**TASK DETAILS:**
Please restate, word for word, the lines below that begin at the one with "Jordan 5 Retro" and end at the one with "Turbine blades heading". Leave out all other lines.

**SOURCE INFORMATION:**
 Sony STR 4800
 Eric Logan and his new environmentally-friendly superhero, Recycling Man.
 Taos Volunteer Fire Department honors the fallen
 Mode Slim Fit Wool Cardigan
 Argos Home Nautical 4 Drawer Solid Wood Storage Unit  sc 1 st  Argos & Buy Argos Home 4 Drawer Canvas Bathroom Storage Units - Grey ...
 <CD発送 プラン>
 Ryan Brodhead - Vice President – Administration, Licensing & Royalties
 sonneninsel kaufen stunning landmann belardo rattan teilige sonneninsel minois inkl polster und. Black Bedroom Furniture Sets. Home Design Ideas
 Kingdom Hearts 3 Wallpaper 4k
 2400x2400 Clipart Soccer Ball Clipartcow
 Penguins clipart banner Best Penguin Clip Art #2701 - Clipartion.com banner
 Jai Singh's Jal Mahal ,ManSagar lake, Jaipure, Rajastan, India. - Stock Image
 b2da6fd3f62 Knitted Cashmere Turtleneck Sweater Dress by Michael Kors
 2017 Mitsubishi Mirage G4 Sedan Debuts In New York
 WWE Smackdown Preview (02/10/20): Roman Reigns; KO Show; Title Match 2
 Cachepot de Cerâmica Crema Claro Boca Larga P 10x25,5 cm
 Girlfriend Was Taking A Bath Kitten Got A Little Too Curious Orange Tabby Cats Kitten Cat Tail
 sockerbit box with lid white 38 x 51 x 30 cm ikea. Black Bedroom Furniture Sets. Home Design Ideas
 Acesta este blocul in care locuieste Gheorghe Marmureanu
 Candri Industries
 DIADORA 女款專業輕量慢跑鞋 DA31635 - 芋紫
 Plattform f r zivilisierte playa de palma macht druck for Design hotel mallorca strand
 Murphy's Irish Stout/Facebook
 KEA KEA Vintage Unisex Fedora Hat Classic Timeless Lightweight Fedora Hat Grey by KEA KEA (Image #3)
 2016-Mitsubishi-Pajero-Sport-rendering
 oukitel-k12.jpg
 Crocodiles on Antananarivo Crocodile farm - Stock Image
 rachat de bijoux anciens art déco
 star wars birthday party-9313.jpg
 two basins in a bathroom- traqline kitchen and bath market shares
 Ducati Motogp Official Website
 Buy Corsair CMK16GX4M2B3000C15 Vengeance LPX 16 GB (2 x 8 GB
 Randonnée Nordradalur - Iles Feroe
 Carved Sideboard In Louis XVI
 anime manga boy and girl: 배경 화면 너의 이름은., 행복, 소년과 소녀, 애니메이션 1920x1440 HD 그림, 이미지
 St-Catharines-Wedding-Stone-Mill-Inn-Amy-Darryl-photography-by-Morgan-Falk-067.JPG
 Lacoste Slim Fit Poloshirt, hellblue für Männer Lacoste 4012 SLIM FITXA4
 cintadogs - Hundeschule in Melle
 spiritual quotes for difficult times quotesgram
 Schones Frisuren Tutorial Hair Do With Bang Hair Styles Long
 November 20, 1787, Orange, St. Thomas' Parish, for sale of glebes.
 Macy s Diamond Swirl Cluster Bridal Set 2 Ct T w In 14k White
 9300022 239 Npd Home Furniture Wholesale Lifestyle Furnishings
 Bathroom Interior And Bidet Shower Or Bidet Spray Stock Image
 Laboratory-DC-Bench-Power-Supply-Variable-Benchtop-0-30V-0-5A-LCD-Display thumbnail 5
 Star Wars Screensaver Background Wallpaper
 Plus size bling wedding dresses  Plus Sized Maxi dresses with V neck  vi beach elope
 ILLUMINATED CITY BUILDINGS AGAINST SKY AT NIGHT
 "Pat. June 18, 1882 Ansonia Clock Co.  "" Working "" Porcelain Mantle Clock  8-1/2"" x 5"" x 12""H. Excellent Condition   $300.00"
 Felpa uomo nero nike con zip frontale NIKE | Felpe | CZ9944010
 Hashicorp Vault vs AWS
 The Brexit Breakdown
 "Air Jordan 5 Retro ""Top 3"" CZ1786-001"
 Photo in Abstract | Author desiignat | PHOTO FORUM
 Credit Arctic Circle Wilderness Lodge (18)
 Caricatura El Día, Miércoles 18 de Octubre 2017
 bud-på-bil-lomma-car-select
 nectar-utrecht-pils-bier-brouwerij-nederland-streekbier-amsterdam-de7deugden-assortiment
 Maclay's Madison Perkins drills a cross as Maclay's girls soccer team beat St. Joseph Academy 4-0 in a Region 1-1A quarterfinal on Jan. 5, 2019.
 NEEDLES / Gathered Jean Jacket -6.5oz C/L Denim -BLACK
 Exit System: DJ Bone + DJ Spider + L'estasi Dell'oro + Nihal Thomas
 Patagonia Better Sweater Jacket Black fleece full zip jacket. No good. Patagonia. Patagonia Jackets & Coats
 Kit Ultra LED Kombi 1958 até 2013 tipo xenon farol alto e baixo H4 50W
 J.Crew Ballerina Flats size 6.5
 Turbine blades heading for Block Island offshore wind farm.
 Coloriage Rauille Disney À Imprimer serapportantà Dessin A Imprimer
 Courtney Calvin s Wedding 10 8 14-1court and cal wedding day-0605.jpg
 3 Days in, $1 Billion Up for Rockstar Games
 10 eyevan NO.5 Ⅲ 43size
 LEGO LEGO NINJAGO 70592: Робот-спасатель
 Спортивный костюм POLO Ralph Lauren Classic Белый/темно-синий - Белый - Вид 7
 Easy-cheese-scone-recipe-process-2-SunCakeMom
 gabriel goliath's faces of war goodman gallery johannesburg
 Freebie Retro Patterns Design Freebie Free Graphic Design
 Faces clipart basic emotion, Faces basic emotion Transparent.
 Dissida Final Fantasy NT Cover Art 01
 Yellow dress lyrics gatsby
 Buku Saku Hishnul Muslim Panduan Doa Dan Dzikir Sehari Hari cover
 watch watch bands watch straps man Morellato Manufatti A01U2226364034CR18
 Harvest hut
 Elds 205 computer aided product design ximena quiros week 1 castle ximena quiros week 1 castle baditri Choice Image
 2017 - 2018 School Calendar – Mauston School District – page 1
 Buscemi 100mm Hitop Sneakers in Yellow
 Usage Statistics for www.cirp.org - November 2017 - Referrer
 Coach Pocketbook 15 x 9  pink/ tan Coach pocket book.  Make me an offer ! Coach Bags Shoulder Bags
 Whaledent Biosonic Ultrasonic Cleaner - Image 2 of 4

**RESPONSE AREA:**
 "Air Jordan 5 Retro ""Top 3"" CZ1786-001"
 Photo in Abstract | Author desiignat | PHOTO FORUM
 Credit Arctic Circle Wilderness Lodge (18)
 Caricatura El Día, Miércoles 18 de Octubre 2017
 bud-på-bil-lomma-car-select
 nectar-utrecht-pils-bier-brouwerij-nederland-streekbier-amsterdam-de7deugden-assortiment
 Maclay's Madison Perkins drills a cross as Maclay's girls soccer team beat St. Joseph Academy 4-0 in a Region 1-1A quarterfinal on Jan. 5, 2019.
 NEEDLES / Gathered Jean Jacket -6.5oz C/L Denim -BLACK
 Exit System: DJ Bone + DJ Spider + L'estasi Dell'oro + Nihal Thomas
 Patagonia Better Sweater Jacket Black fleece full zip jacket. No good. Patagonia. Patagonia Jackets & Coats
 Kit Ultra LED Kombi 1958 até 2013 tipo xenon farol alto e baixo H4 50W
 J.Crew Ballerina Flats size 6.5
 Turbine blades heading for Block Island offshore wind farm.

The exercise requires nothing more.